[jdom-interest] exception with xml:lang

Stacie Clark zeclarks at sprynet.com
Thu Aug 17 15:50:29 PDT 2000


I took Jason up on his challenge to find out why the special cases for xml:lang and
xml:space were not being used.  I sent my findings  from a non- member address, so
that posting is sitting on a mediators box somewhere. ;-) I have added that post to
the end of this mailing for continuity sake.
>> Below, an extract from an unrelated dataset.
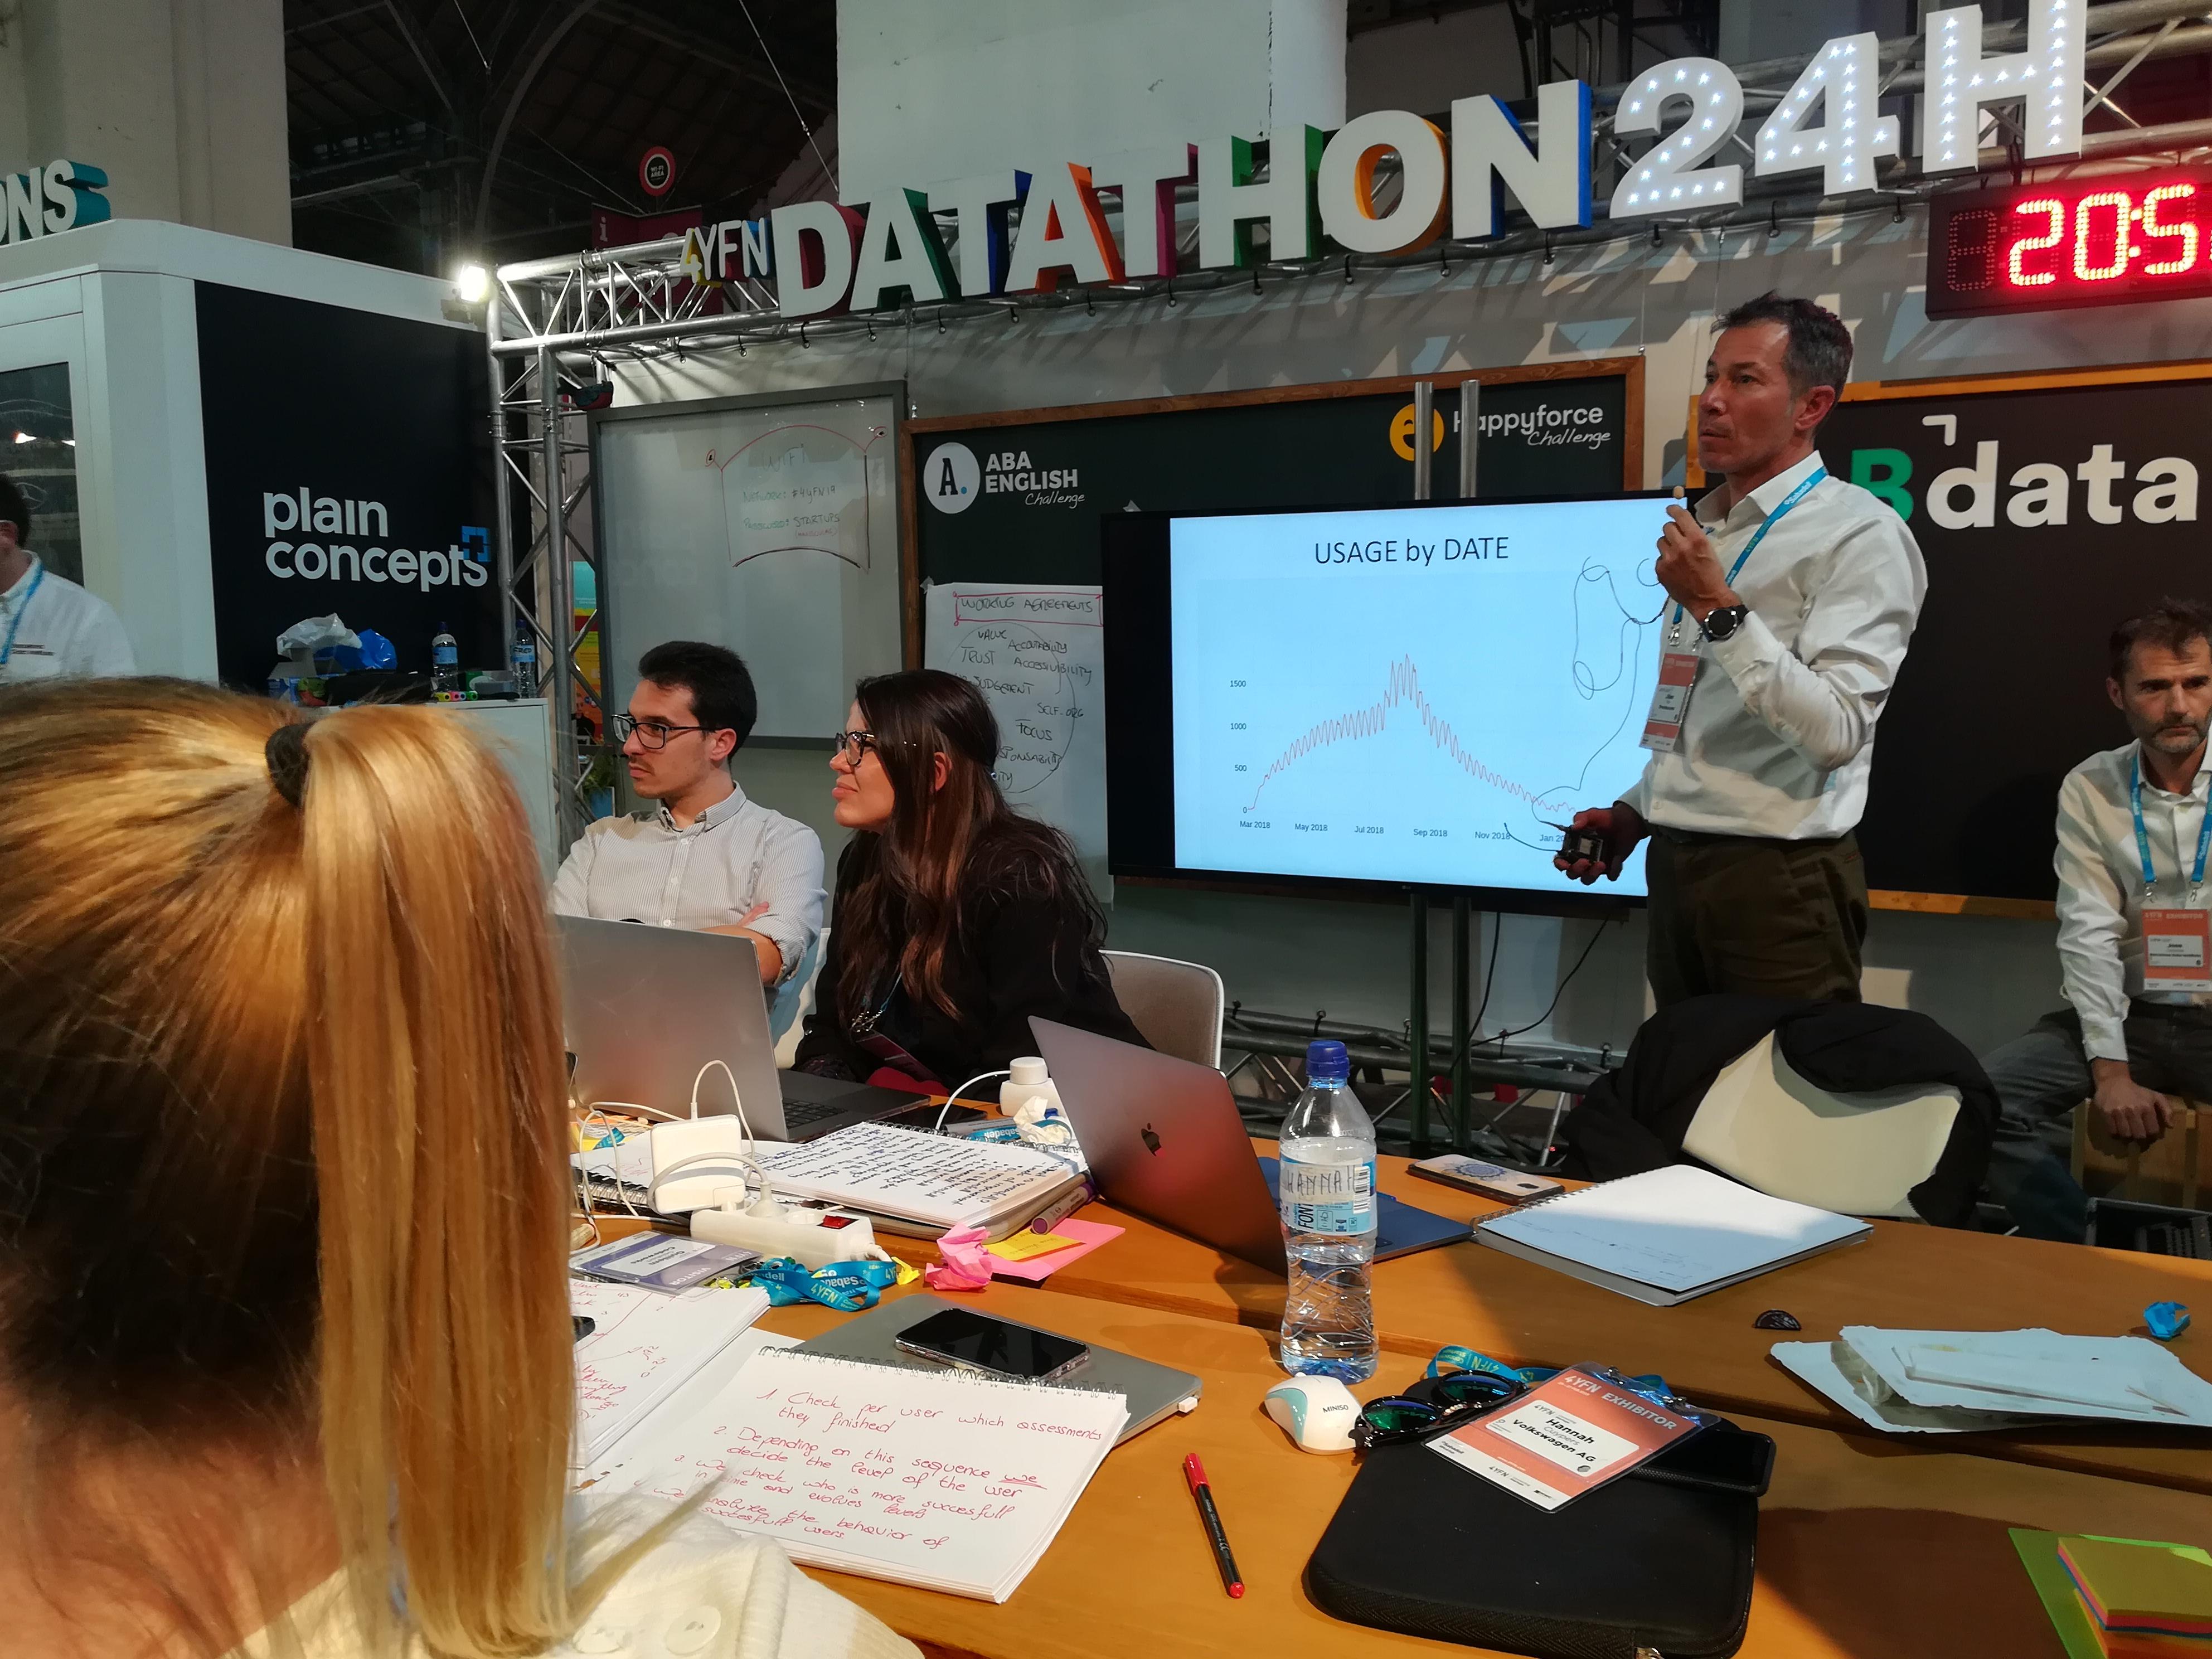 Datathon 4YFN Barcelona Data Institute

I have build something that works, although I'm still getting used to the code and so
am not sure if it has broken anything.
I modified Namespace and SAXHandler to get a build that didn't barf on xml:lang =
"en".  I also modified XMLOutputter to print correctly.  One of the modifications is
that instead of SAXHandler calling the Attribute constructor:
 public Attribute(String name, String prefix, String uri, String value) as
element.addAttribute(
                        new Attribute(name,
                                      prefix,
                                     getNamespaceURI(prefix),
                                      atts.getValue(i));
I changed it to
element.addAttribute(
                        new Attribute(name,
                                      atts.getValue(i),
                                      getNamespace(prefix)));
and used the three argument method. I read in the archives that it was planned to
remove the 4 argument method anyway, so this worked out well. To do this I needed to
replace
String SAXHandler.getNamespaceURI(prefix)
with
Namespace SAXHandler.getNamespace(prefix):

private Namespace getNamespace(String prefix) {
        // Cycle backwards and find URI
        for (int i=namespaces.size() - 1; i >= 0; i--) {
            Namespace ns = (Namespace)namespaces.get(i);
            if (ns.getPrefix().equals(prefix)) {
                return ns;
            }
        }
        // could be an xml namespace.  if so add it and return
        if(Namespace.isXmlNamespace(prefix, "")){
           Namespace ns = Namespace.getNamespace(Namespace.XML_PREFIX,
Namespace.XML_NAMESPACE_URI);
           namespaces.add(ns);
           return ns;
        }
        //oops no URI at all
        return Namespace.getNamespace("");
    }

(I also added Namespace.isXmlNamespace(prefix, "")) I didn't want to add the xml
namespace to every elements namespace list, so this way, only those that use it will
get it in their lists.

I have a question about the behavior if no URI can be found. I have the function
calling Namespace.getNamespace(""), well, because I wasn't sure what it should do. It
does cause an exception to be thrown which is appropriate.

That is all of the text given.